In reported cases involving minor children in medical and other care facilities, courts have tended to defer to parents’ decisions. Litigation has not always involved a formal DNR order but courts have addressed factual situations involving deteriorating health conditions that are the predicate to seeking a DNR order. In the seminal case, In re Quinlan,64 the Supreme Court of New Jersey observed that the right to refuse medical treatment is part of a person’s constitutional right to privacy.65 In In re LHR,66 the Supreme Court of Georgia, in a case that did not involve a DNR order, upheld the right of parents to remove life support equipment from their terminally ill minor child existing in chronic vegetative state with no hope of development of cognitive function. Eight years after LHR, the Supreme Court of Georgia, in In re Doe,67 addressed a dispute between physicians wanting either a DNR order or permission to deescalate treatment to a minor child and the parents who opposed both deescalation and a DNR order, emphasising:

that the right to refuse treatment or indeed to terminate treatment may be exercised by the parents or legal guardian of the infant after diagnosis that the infant is terminally ill with no hope of recovery and that the infant exists in a chronic vegetative state with no reasonable possibility of attaining cognitive function.68

While refusing to “mandate a single, static formula for deciding when deescalation of medical treatment may be appropriate,”69 the state supreme court in Doe found that “medical decision-making for incompetent patients is most often best left to the patient's family (or other designated proxy) and the medical community.”70 However, the court noted that the corollary of its position concerning the rights of parents was that the hospital could not deescalate the child’s treatment as long as both parents opposed deescalation.

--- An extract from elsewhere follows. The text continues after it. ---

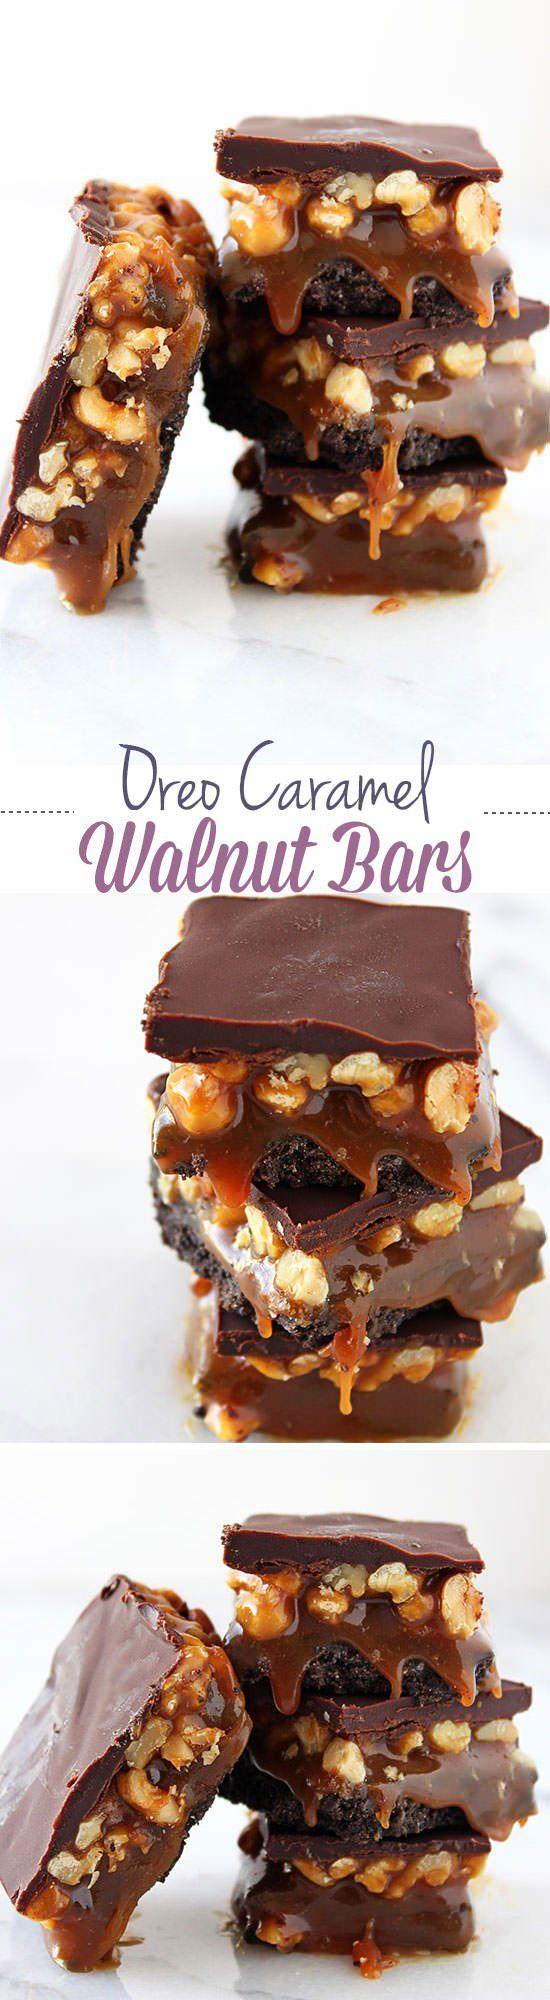 Oreo Caramel Walnut Bars - one of the BEST desserts ever!!

Likewise, the hospital could not have secured a DNR order if the parents opposed it. However, parents could consent to deescalation or a DNR order only if both agreed.71 More recently, the Supreme Court of Maine, in In re Mathew W,72 held, that, as to the effort of the Department of Health and Human Services (DHHS) to issue a DNR order for a child less than one year old,

due process requires that parents be afforded the same procedural protections before approval of a DNR for their child as they are afforded prior to the termination of their parental rights.73

Attaching the due process rights of parents to oppose the DHHS’s DNR order to the constitutionally protected rights of parents “to direct the care and upbringing of their children,”74 the Supreme Court of Maine noted that the:

[e]xercise of a DNR [by the DHHS] over the parents' objections not only infringe[d] upon the fundamental rights of parenthood, but could have the effect of conclusively preventing parents from raising their child or ever again exercising their fundamental rights.75

As a result of cases like LHR and Doe, state legislatures have intervened and established protocols for addressing DNR orders and issues attendant to the implementation of a DNR. Some of these state statutes are incredibly complex76 and address not only such matters as the definitions of various debilitating conditions,77 the authority of physicians,78 and the criteria for creating and implementing a DNR order,79 but also such matters as whether a DNR order is a suicide80 and

how DNR orderss issued in other states are to be enforced.81 However, while the statutes identify those persons who can make decisions to withhold or withdraw life-saving treatment, nothing is said regarding a minor child who has an IEP.82

In terms of school compliance with DNR orders, one author has suggested that “many state and local educational systems do not comply with DNR orders directly, but summon Emergency Medical Services who are authorised to honor such orders.”83 In effect, schools choose to pass the decision of whether to comply with a DNR order to someone else.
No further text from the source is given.